Hi Marv, it’s because of those automatic adjustments to member and employer contributions and annual increases that PERA remains on track to meet its long-term funding goals. We know the changes are difficult for everyone, but they’re important for keeping us on track so current and future retirees can continue to count on PERA to provide a source of income in retirement they can’t outlive.
And the automatic adjustment applicable to 2022 has already been determined and the “Annual Increase” for 2022 will be ZERO, Correct?
Hi Paul, the July 2022 annual increase paid to most eligible benefit recipients will be 1% (lowered by 0.25%). We have more information on the AI at https://www.copera.org/retirees/annual-benefit-increases.
Thanks for clarifying.
You can call them changes. I’ll call them broken promises.
According to PERA we are on track for pensions to be fully funded by 2048. The fund did quite well in 2019 up 20.4% and 2020 up 17.1%. The loss to investments was (3.3)% in 2018. Retirees received an annual increase in July 2020 and July 2021of 1.25%, if you were eligible. Zero annual adjustments in 2018 and 2019. The U.S. CPI increase for 2020 was 1.4%. I think we will see a high rate of inflation for 2021. Last few years we have experienced low rates of inflation. I think you are right for 2021 as PERA annual increase will not keep up with inflation this year.
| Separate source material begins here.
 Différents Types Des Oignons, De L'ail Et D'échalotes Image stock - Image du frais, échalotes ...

I agree – which is it? If the fund is doing so well, why aren’t the recipients?
Hi Kathleen, it’s because of automatic adjustments to member and employer contributions and annual increases that PERA remains on track to meet its long-term funding goals. We know the changes are difficult for everyone, but they’re important for keeping us on track so current and future retirees can continue to count on PERA to provide a source of income in retirement they can’t outlive.
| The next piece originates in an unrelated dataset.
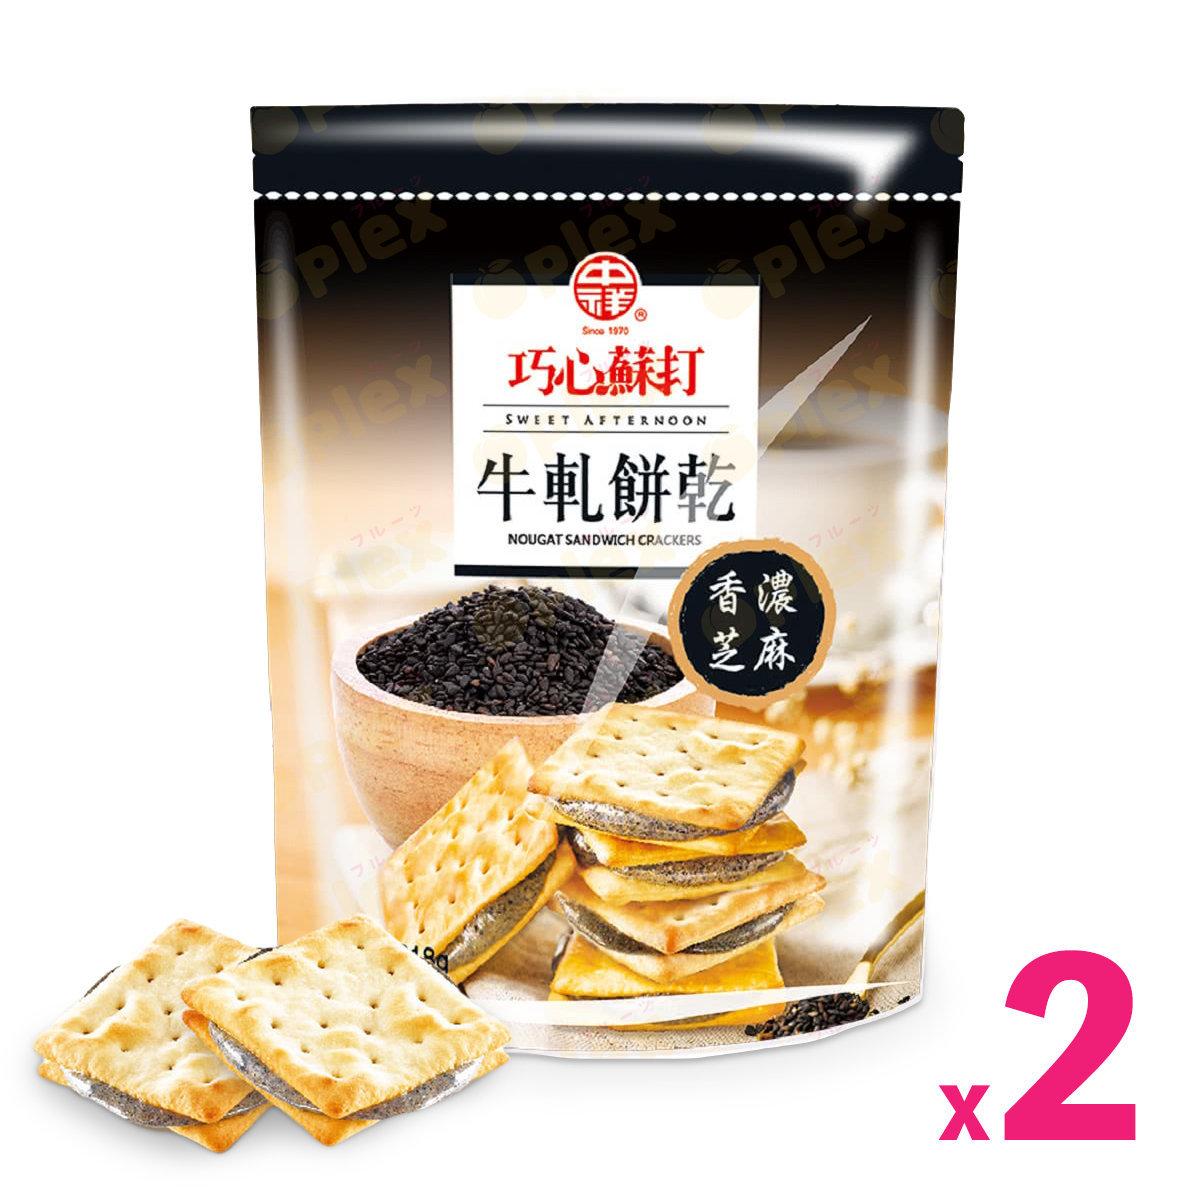 巧心蘇打 - 芝麻牛軋餅乾 10小包 (145g) x 2

Of course, PERA is in the GREEN as investment returns have been very profitable. So why the miserable COLA raises, especially this year? I know people are living longer, but that is not that much. Yes, PERA employees retired earlier recently, but that also means retiring at a lower percentage. These lower COLA adjustments from the last four years are eroding our retirement exponentially.
How many more years will it be before retirees get an annual increase that has any possibility of keeping up with inflation????? It has now been several years since we got an adequate annual increase .
It will never happen. Pera won’t support it much less anyone in the legislature. IMO.
Dark green at a significant cost. Employees are paying 100% for their retirement “benefit”. SAED and AED which were supposed to be temporary are like an old scar that nobody remembers and are hidden in the employer contribution side of the ledger even though one was supposed to be from dollars that would normally go for employee raises. New employees are the real victims having to work many more years to gain the same retirement benefit. Current employees have their cost of living raises halved by the increase in contributions every year. It is a little early for PERA to be patting itself on the back for a clean audit.
I recently retired ahead of schedule and below my goal. It Is wonderful to have a personal story of stability to fall back on.
My step-father passed at age 64, after receiving three times the contributions he had deposited. Most would wonder about their mother’s wellbeing as she was widowed at age 62. I never had to wonder. In her monthly option 3 benefit, she has now drawn another four times those contributions and participated in subsidized health care. Bad investment? I think not.
Everyone must also recognize they should be supplementing their retirement income from PERA with some other fund from which to keep up with inflation. Take charge of your own retirement and plan accordingly along the way.